Breakfast time wasn’t a problem since our older daughter woke us up. I don’t listen to podcasts if the kids are awake.
I did watch some football which is probably worse than anything I could listen to, but I would mute it during commercials/half time.
There were two times where I really had to check myself.
First was when I got to use the computer during a magical time in the morning and my wife was out shopping with kid 1/and kid 2 was asleep. Why is it hard to use a computer without music? I almost opened up Pandora without even thinking.
2nd was grilling some steaks. I get the grill going, put the steaks on, and set a timer. I don’t want to leave the grill unattended so I’ll usually sit outside and listen to soething. Instead, I appreciated the sounds of the neighborhood. Wind through the trees, leaves falling, kids laughing and playing, and even one neighbors AC running… When it’s 66F out (I cant explain that one).
It’s funny. I don’t mind nature and quiet when I’m in it (camping, hiking, jogging), but its hard to appreciate when I’m at home. It’s like I just get stuck in a routine and don’t question it. I think my work mornings will be a little harder (I get up about am hour before the older one usually does), but I’m feeling a bit optimistic.
Were there more a-hole drivers today than usual or was I just more aware of them? Being mindful does have a few drawbacks.
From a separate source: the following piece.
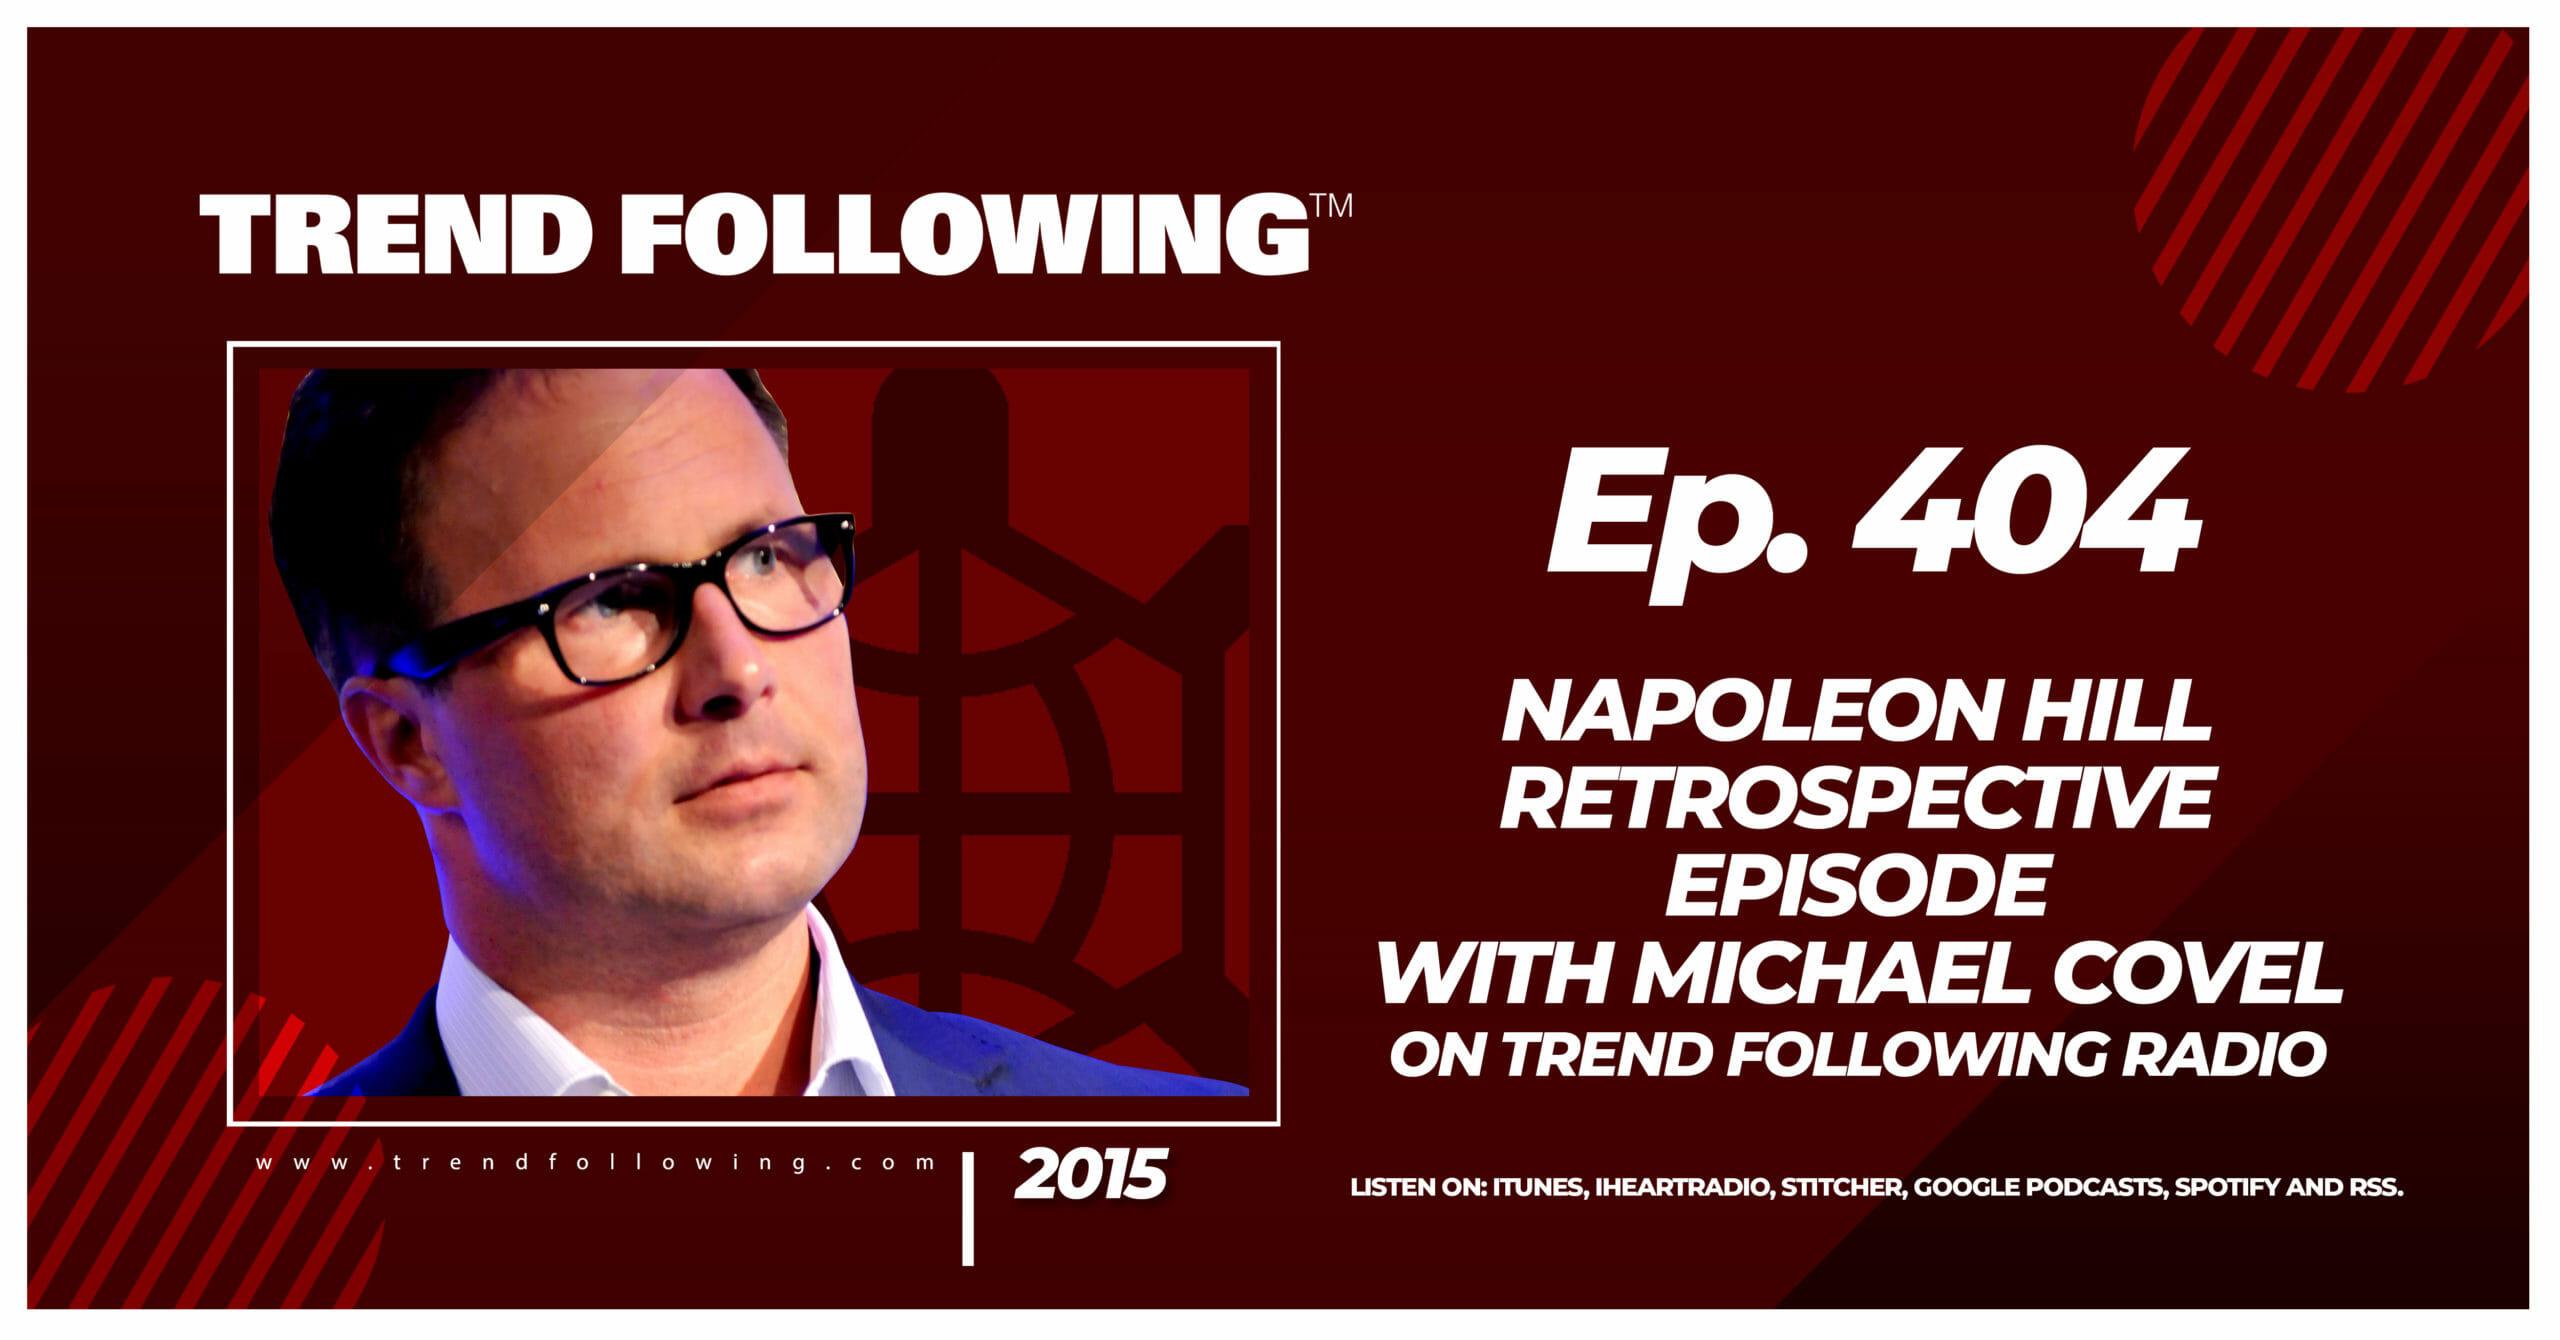 Napoleon Hill Retrospective Episode with Michael Covel

I was forced to let them in too. I know they are probably in a much worse space in their life if they’re driving like that, but it’s still hard to give them the benefit of the doubt when they’re zooming in and out of traffic!
As to the regular routine, I was tempted to listen to something Monday morning, but instead, I just didn’t. The baby didn’t sleep well, so I may have stopped at StarBucks on the way to the Post Office (I have $20 of fun money per month that I usually spend on coffee. It’s my money and I can do what I want!). The car was the struggle today though, so we’ll see if it’s a little better after I get used to the quiet again.
Days 3 and 4
Better? I’m not sure. I’ve been really busy at work, really busy at home, going to pick up my daughter for her birthday, and just struggling to be mindful. I miss the music right now. I actually had a dream that I was listening to music in the car and realized it later and thought I blew the challenge.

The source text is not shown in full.